Ten Photos From Ten Hours in Petersburg, Alaska

Petersburg's friendly one-room airport
I left Ketchikan with my girlfriend last Saturday to go up to Juneau and start summer classes there for my next big project—earning a Master of Arts in Teaching from the University of Alaska Southeast. My classes are going great now, but it took me about twenty-four hours to get to Juneau from Ketchikan, rather than the five originally expected. My girlfriend and I flew Alaska Airlines standby on a route that hopped from Ketchikan to Wrangell to Petersburg to Juneau. On the tarmac in Petersburg, I was asked to step off the plane, and eventually was taken into Petersburg's small airport. Before my girlfriend knew I wouldn't be getting back on, they closed the doors and took off for Juneau.

What follows is an explanation for my delay accompanied by nine photos, (one above makes ten), taken during the ten hours I spent in the pretty and peaceful town of Petersburg.

collage of photos of the largest grocery store
—note the Norwegian theme
Flying standby, it makes sense you might get "bumped" off a flight by a regular passenger if there wasn't enough room. In this case, though, there were tons of empty seats. The real problem was all of the cargo in the hold of the plane: It was so overloaded with fish boxes and other luggage they had to take me off for safety reasons. Only in Alaska would seafood bump a person off their flight!

Only one other flight would be passing through Petersburg that day, and it wouldn't come until a few hours later, so I took the opportunity to walk into the town, get some food from the grocery store, and take in the sights.

I returned to discover that there was no point in boarding the flight: It was heading back to Ketchikan, and I could have taken a direct flight in the evening from Ketchikan to Juneau, but the leg from Wrangell to Ketchikan was overloaded with seafood as well, and I wouldn't make it back to my home airport.

state ferry passing some of the Petersburg fishing fleet 
Fortunately, I learned that the Alaska Marine Highway (the state ferry) had a ship—the MV Matanuska—leaving Petersburg for Juneau that evening, so I ditched my incomplete Alaska Airlines ticket and walked back through Petersburg to the ferry terminal.

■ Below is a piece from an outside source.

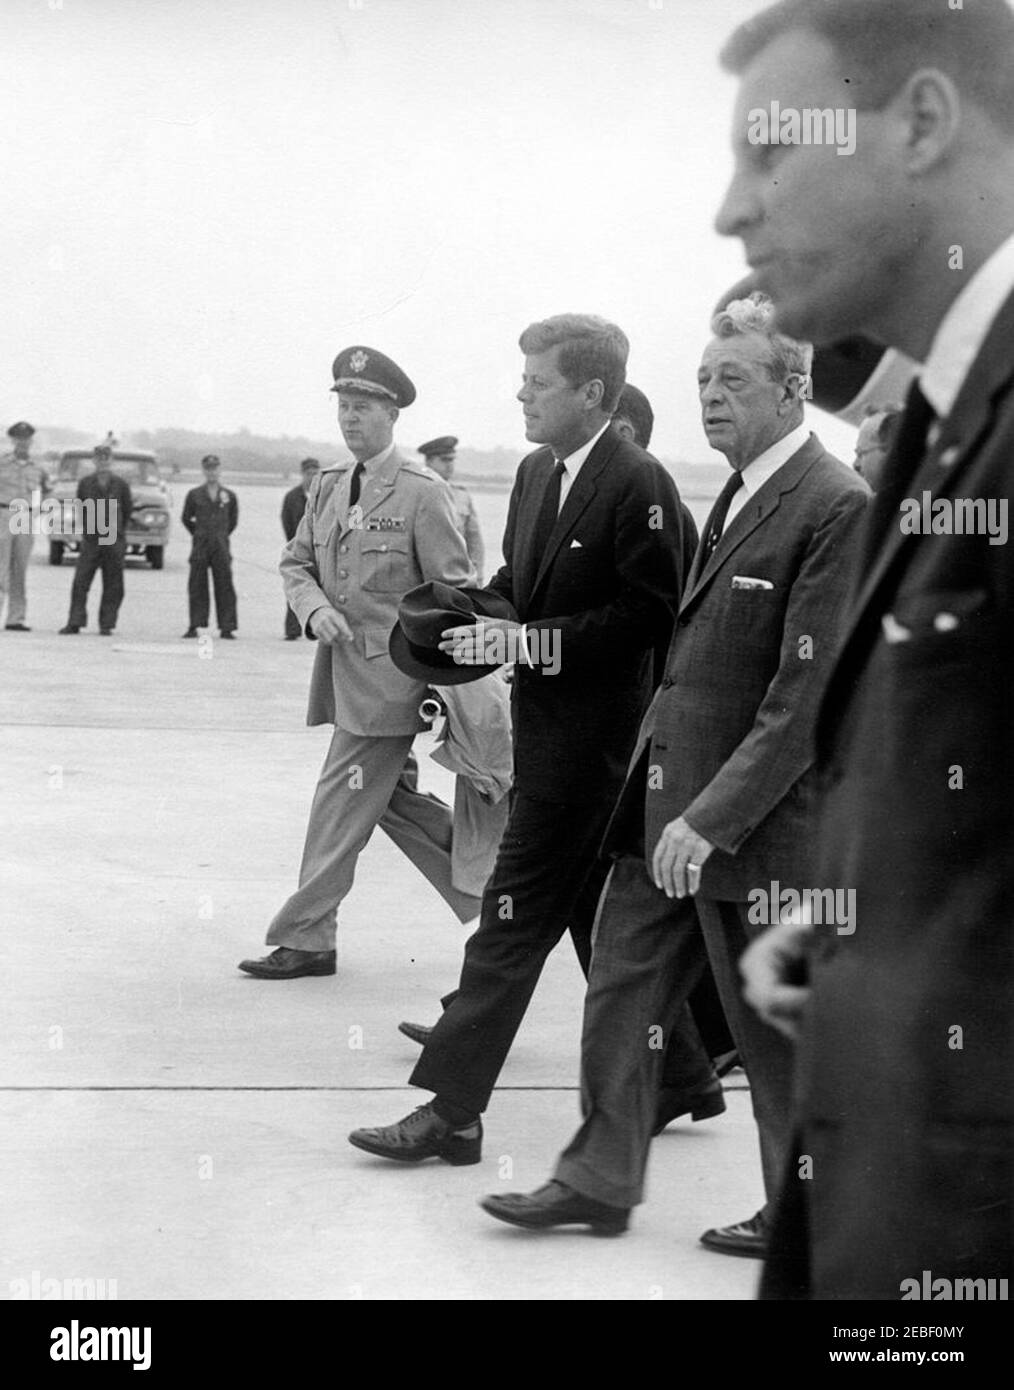 Arrival of President Kennedy at Andrews Air Force Base upon his return from Europe, 9:30AM. Arrival of President John F. Kennedy at Andrews Air Force Base in Maryland upon his return from Europe. (L-R) Military Aide to the President General Chester V. Clifton; President Kennedy (holding a hat); Senator Everett Dirksen (Illinois); White House Secret Service agent H. Stuart u0022Stuu0022 Knight. Stock Photo

As it turns out, my long delay was more adventure than misadventure, and although my girlfriend and I were unexpectedly separated for a day, we reunited the next morning when the ferry came into Juneau.


With just about three thousand inhabitants, Petersburg seems like quite the small town to someone like me from Ketchikan. It only has a few tourist-oriented shops downtown, decorated with Scandinavian flair. Still, Petersburg is the fourth-largest town in Southeast Alaska, after Juneau, Ketchikan, and Sitka, and I was quite impressed by the size of Petersburg's fishing fleet: Fishing is what the town was founded for, and what it still thrives on.

Interestingly, I think Petersburg may also be the most "white" town in Southeast Alaska, in terms of having the lowest percentage of Alaska Natives as inhabitants. Nevertheless, there were two very nice kootéeyaa (totem poles) in the center of town, honoring the area clans, and I did see several signs of Tlingit heritage peeking out of Petersburg's unique and proudly displayed Norwegian-ness.

I was happy to see a new library being constructed in the center of town: As I mentioned before, I love Ketchikan's new library, and this one is sure to bring its community together as well.

Sons of Norway hall viewed across Hammer Slough

As I've alluded to, Petersburg is steeped in Norwegian heritage. It was founded by Norwegian immigrant and fishing mogul Peter T. Buschmann around 1910, and it's stayed proudly Norwegian ever since.

There are some lovely houses in Petersburg too, as well as quite a few bed and breakfasts. To the right is a photo of what was probably my favorite out of the houses I saw.